A recent Chronicle article reported on the results of a Duke study of a New Zealand community which found that about 80 percent of public services were consumed by the the neediest 20 percent of the population. This relationship was tied back to a neat mathematical result called the “Pareto Principle.” The Pareto distribution, and the related Zipf distribution, often arise from systems where habits or patterns are self-reinforcing, such as criminal convictions or health issues. I felt the article showed far too little excitement about this, and I seek to rectify that now.

American linguist George Kingsley Zipf is credited with describing perhaps the eeriest mathematical fact of the universe, today known as Zipf’s law. Put simply, in any collection of things, the nth most popular thing is about 1/n times as popular as the most popular thing. It is best understood through examples. Open the last piece of literature you read or the last document you wrote that’s at least a few hundred words long, and count the number of occurrences of each word. What you’ll likely find is that the most commonly used word is used roughly twice as much as the second most commonly used word, roughly thrice as much as the third most used word, and so on. What’s impressive about this is that it seems to hold true in basically every text—the Gutenberg corpus, the entirety of Wikipedia, the King James Bible or this week’s Chronicle articles—and not just in English, but any language, including ancient ones nobody can translate.

It may seem that Zipf’s law is little more than a boring party trick, but without looking too far it becomes downright mysterious in its ability to predict the frequencies of many events, not just word usage. The population of the largest city in a country is usually about twice as large as that of the second-largest and three times as large as the third-largest. Measure the amount of time a family spends in each room of their home, and Zipf’s distribution appears again. The numbers of casualties from accidents and wars are also known to follow Zipf’s law. It’s even been used to find evidence of fraud in scientific publications: Data which don’t follow Zipf’s pattern have sometimes been found to have been faked. I’m willing to bet that you use your most commonly used pen or pencil twice as often as the next and three times as often as the one after that, and that you’ll find Zipf’s law appearing in how often you use the various ePrint stations around campus.

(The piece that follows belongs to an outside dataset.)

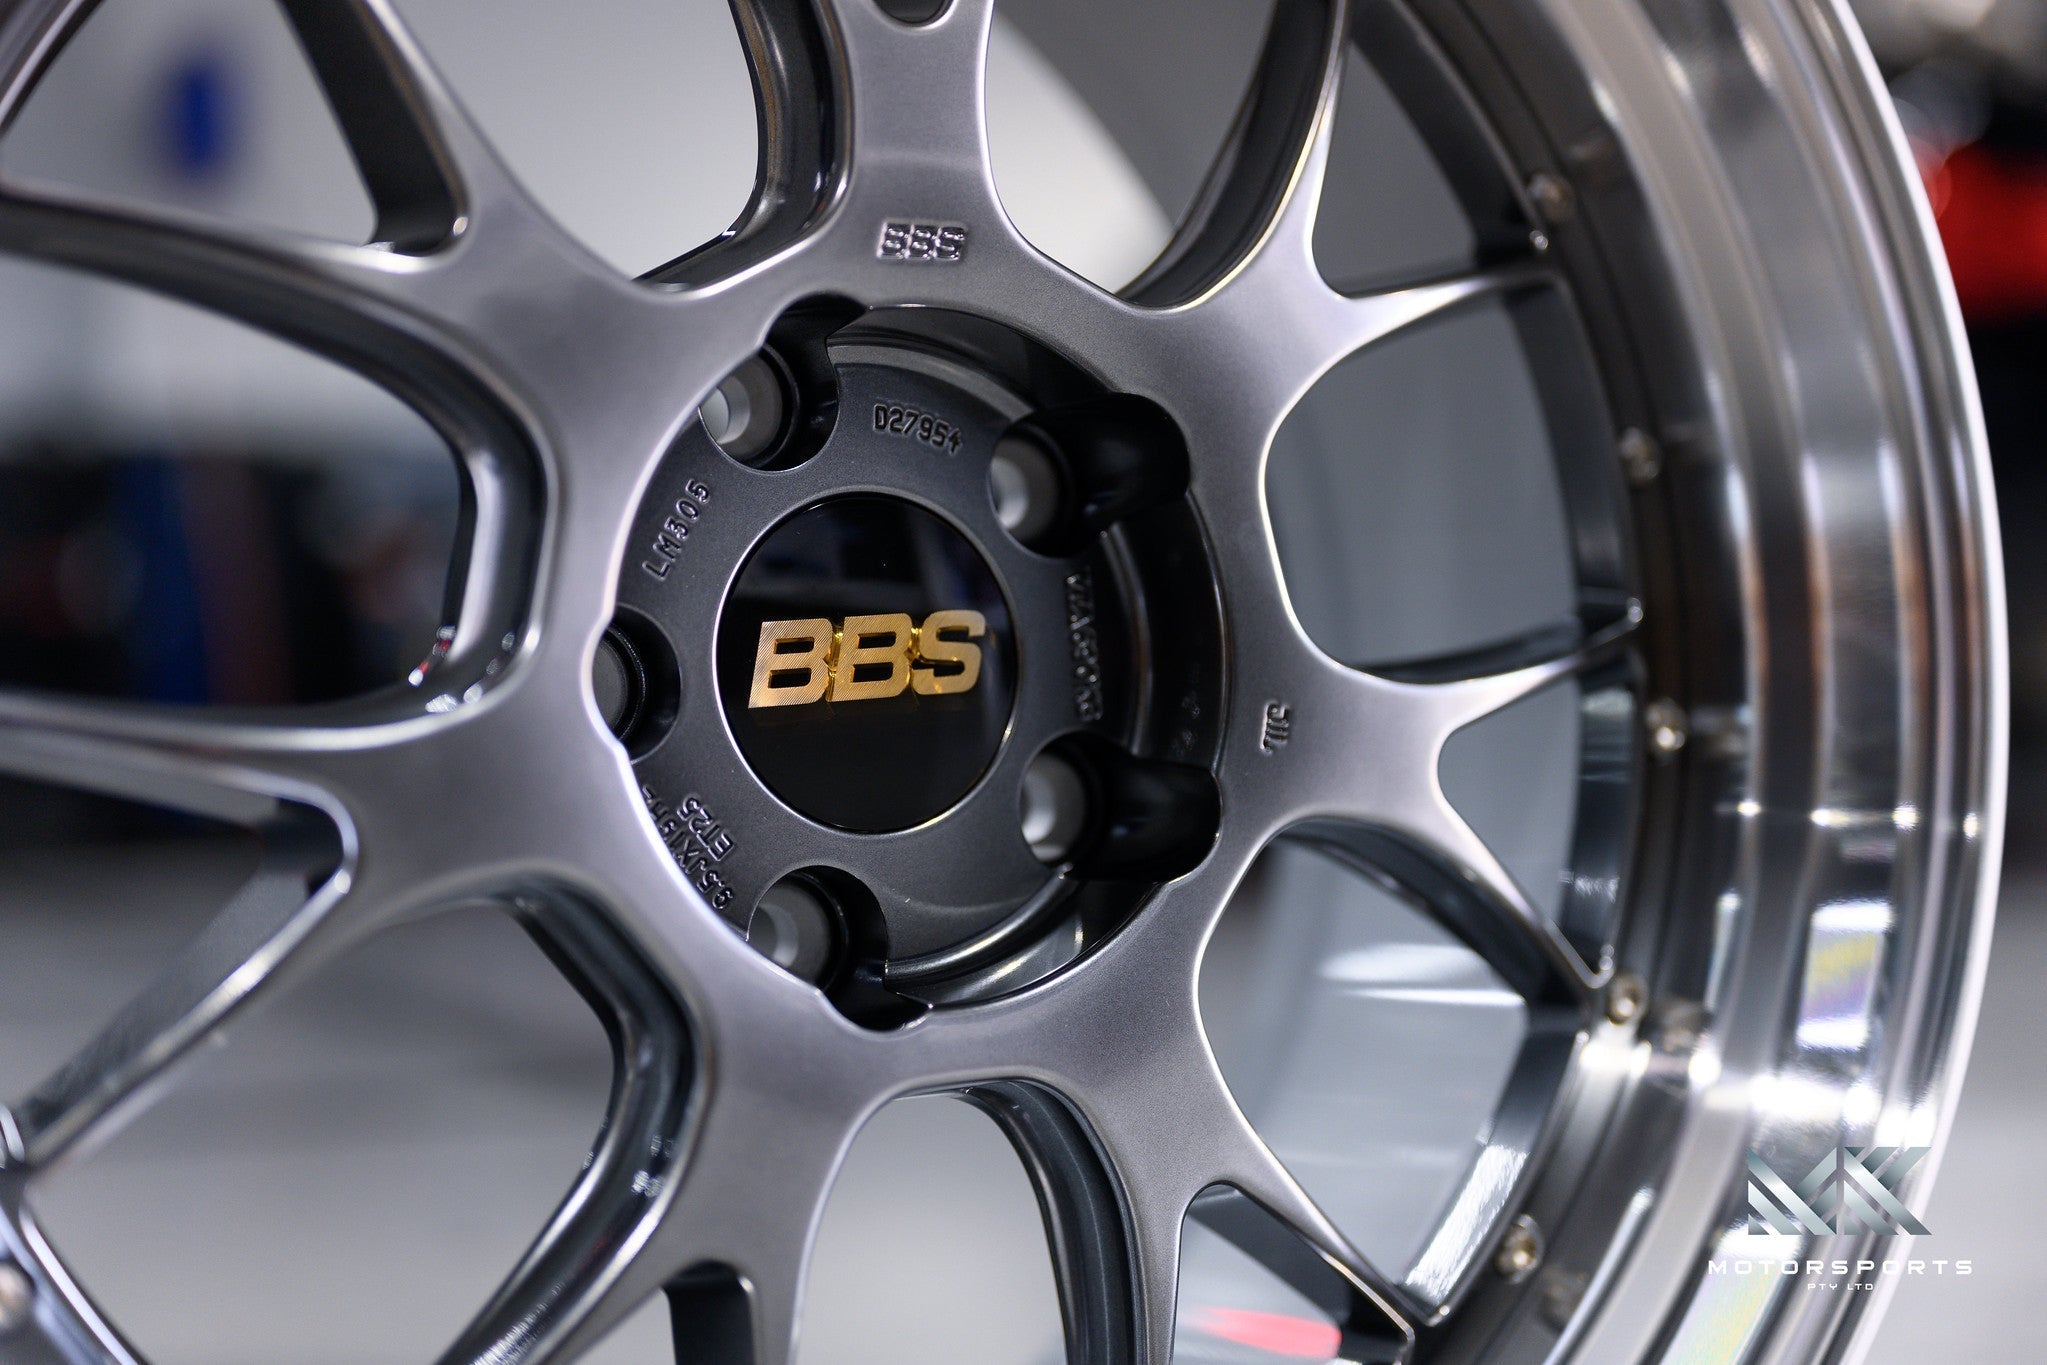 BBS LM-R for F8x M3/M4 - Premium Wheels from BBS Japan - From just $9190.0! Shop now at MK MOTORSPORTS
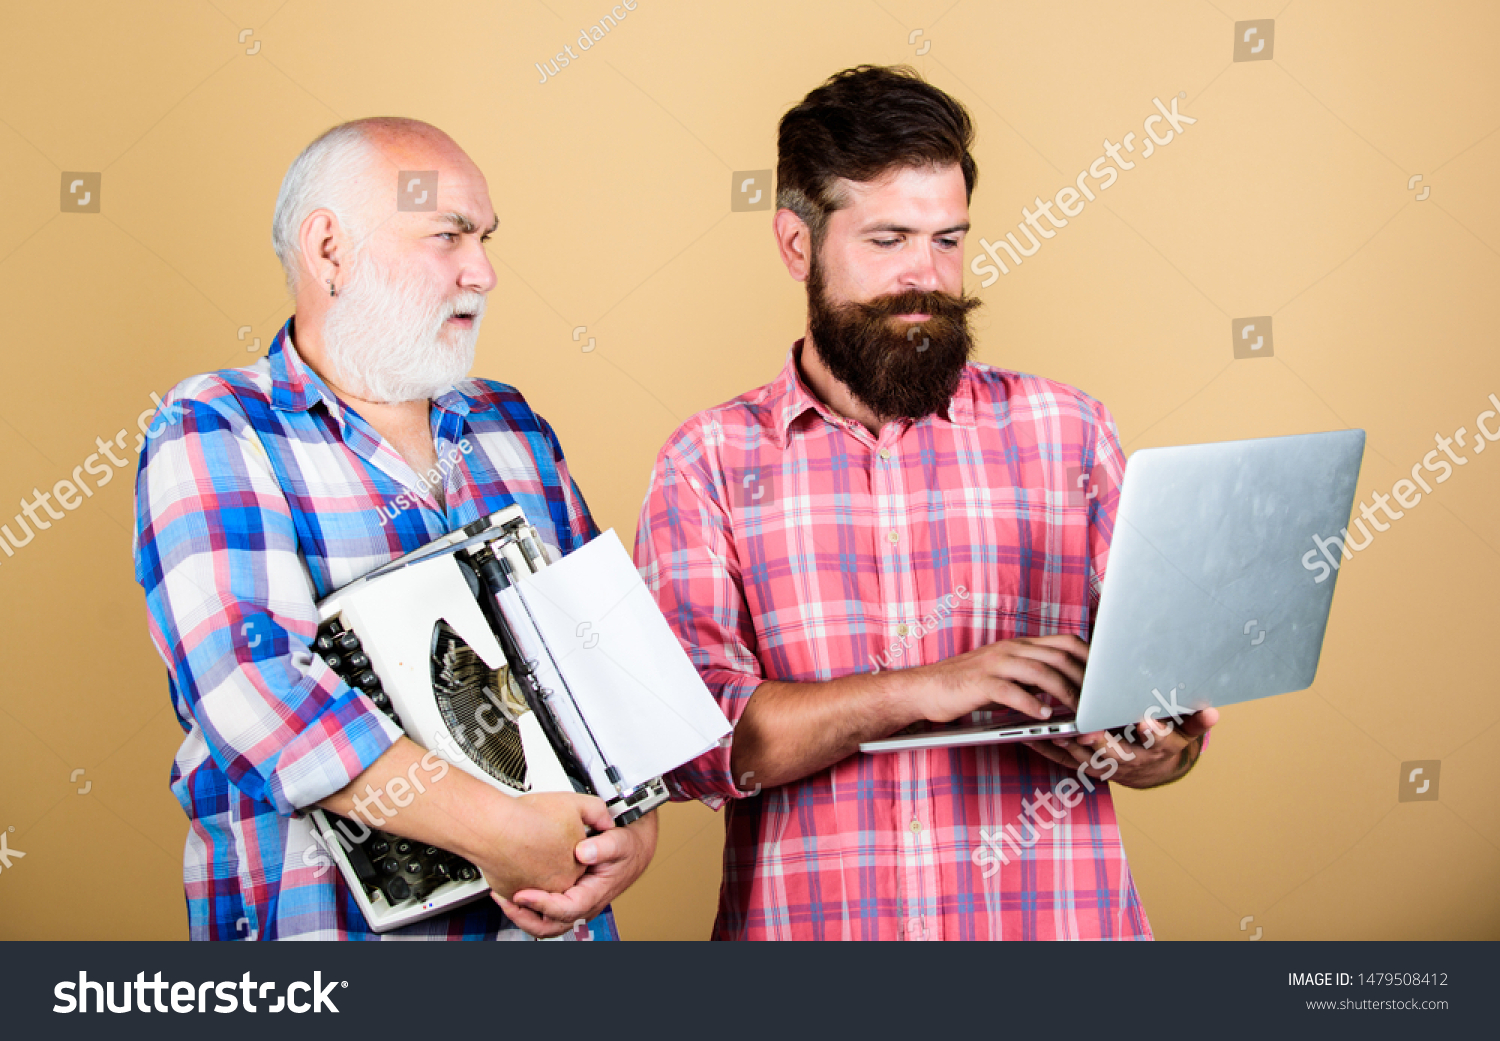 master service. youth vs old age. business approach. father and son. family generation. retro typewriter vs laptop. New technology. technology battle. Modern life. two bearded men. Vintage typewriter. #1479508412

The reason that so many different phenomena fall under this pattern isn’t very clear, and it’s likely that each case has a different set of root causes. What has been noted, however, is that Zipf’s law is an inevitable mathematical result for situations that behave according to a principle of least effort. When an event is more likely to occur after it has already occurred, the long-run frequency of events tends to be proportional to the inverse of their rank, producing the 1/n rule. Language, it seems, follows a principle of least effort: common usage of a particular word increases the chances it is used in the future.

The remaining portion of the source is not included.